As long as I install my dependencies with poetry, then they will all be “tracked” with poetry. This is much better than running pip freeze > requirements.txt whenever you remember to do it. If I ever want to reinstall the dependencies, then I just have to navigate to my project directory and run poetry install.

The nice thing about poetry is that it allows me to easily “graduate” my code from notebook to script to package. In the notebook phase, poetry allows me to recreate the virtual environment that ran the notebook. If I want to move my code out of the notebook and into a full-fledged package, that’s a small lift if I’ve been using poetry the whole time.

Speaking of the package, I put my code inside of a src/ directory because of this blog post. I name my package the same name as the directory which is the same name as the virtual environment. For whatever reason, I often uses dashes for the latter two and underscores for the package.

The default poetry behavior is that it will manage your virtual environments for you. I don’t like this because it requires you to change commands that you would run. For example, if my package installs a command line script called my-script, I can’t just run my-script from the command line. Instead, I have to run poetry run my-script.

This couples commands that I run with the fact that I’m using poetry which can be a bit awkward when you want to dockerize your code. It also enforces a virtual environment management framework on everybody in a shared codebase. Your Makefile now needs to know about poetry. I turn off this default behavior by running poetry config virtualenvs.create false after I first install poetry.

Notebooks 😱

Notebooks are good and notebooks are bad. “Famous” data science people have argued both sides. I use notebooks for some things but not all the things. What I care about for this blog post is that I can run the notebook tomorrow in the same environment that I ran it today. All this (roughly) requires is ensuring that I can recreate the notebook’s virtual environment.

As I’ve mentioned above, I create a Python package with poetry even when I’m only coding in a notebook. Sometimes I will use the same package across multiple, related notebooks. With poetry, I can recreate the virtual environment. The wrinkle of notebooks is making sure you’re using the correct virtual environment.

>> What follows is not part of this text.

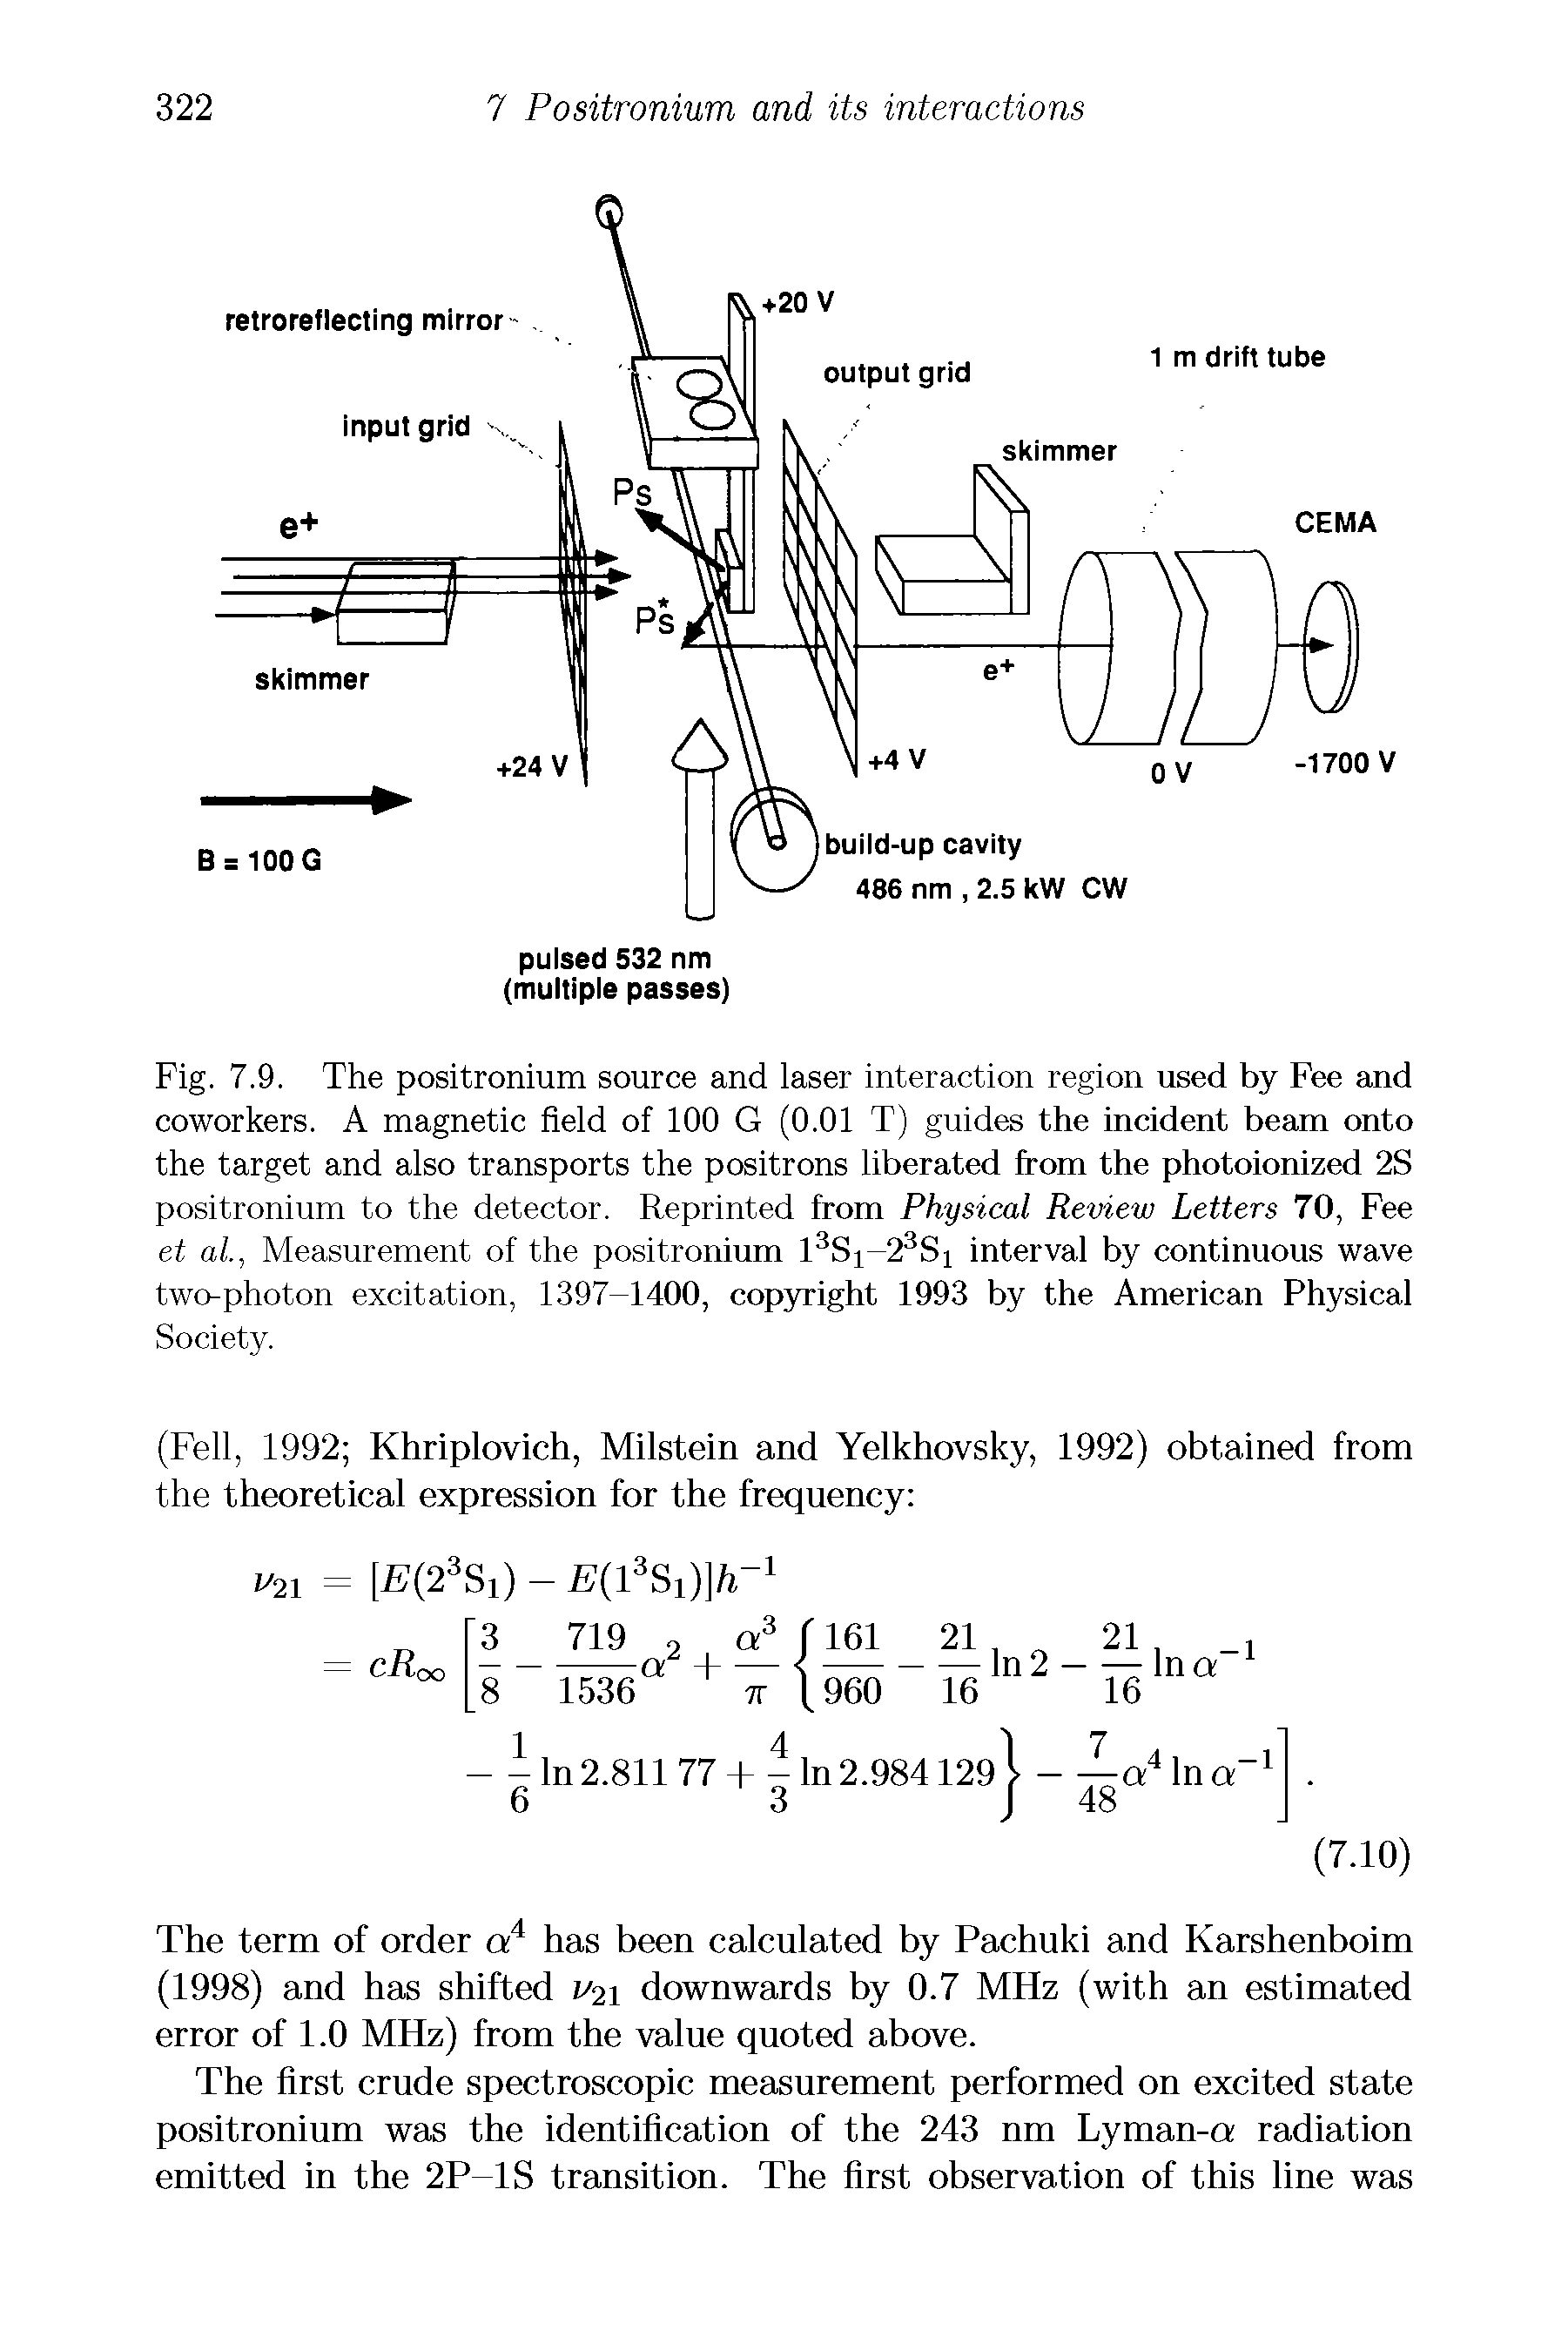 Fig. 7.9. The positronium source and laser interaction region used by Fee and coworkers. A magnetic field of 100 G (0.01 T) guides the incident beam onto the target and also transports the positrons liberated from the photoionized 2S positronium to the detector. Reprinted from Physical Review Letters 70, Fee et al, Measurement of the positronium 13Si-23Si interval by continuous wave two-photon excitation, 1397-1400, copyright 1993 by the American Physical Society.

I have a base virtual environment that is automatically activated when I start a shell. This is where JupyterLab is installed. For each package, I install ipykernel as a development dependency:

poetry add --dev ipykernel

After installing, I run the following command:

python -m ipykernel install --user --name $NAME_OF_PACKAGE_VIRTUAL_ENVIRONMENT

I don’t know exactly what this command does, but it ensures that I can choose my package “kernel” from within JupyterLab.

One advantage of only installing JupyterLab once in a base environment is that I only have to customize it once. This means I can reuse the Jupyterlab Code Formatter extension for formatting code with black across all my projects.

Pip My Ride

From the tiny subset of readers who have made it this far, there is an even tinier subset who is probably asking “Why not just use conda?”. I prefer to use virtualenv and poetry/pip (or really PyPI) for Python dependencies for two reasons:

  1. Most of my production code ends up getting deployed on Docker containers. I want fully reproducible builds, and I have never found a way to export an existing conda environment in a way that it can be reproducibly built when packages come from different channels.
  2. I have now worked at two companies that managed internal PyPI repositories such that you can publish private packages internally and then later install them using pip. I have not worked anywhere that managed this for private conda packages.

Oh, and there’s probably some other vocal minority asking why I didn’t write about Docker this whole time if I wanted fully reproducible environments. I use Docker for deployment. It feels like overkill for local development. I probably could probably optimize things so that it’s lightweight for local development, but I’m okay right now with my current setup. Although, I have been meaning to add pipx to my setup for a while, but I’ll save that for another day.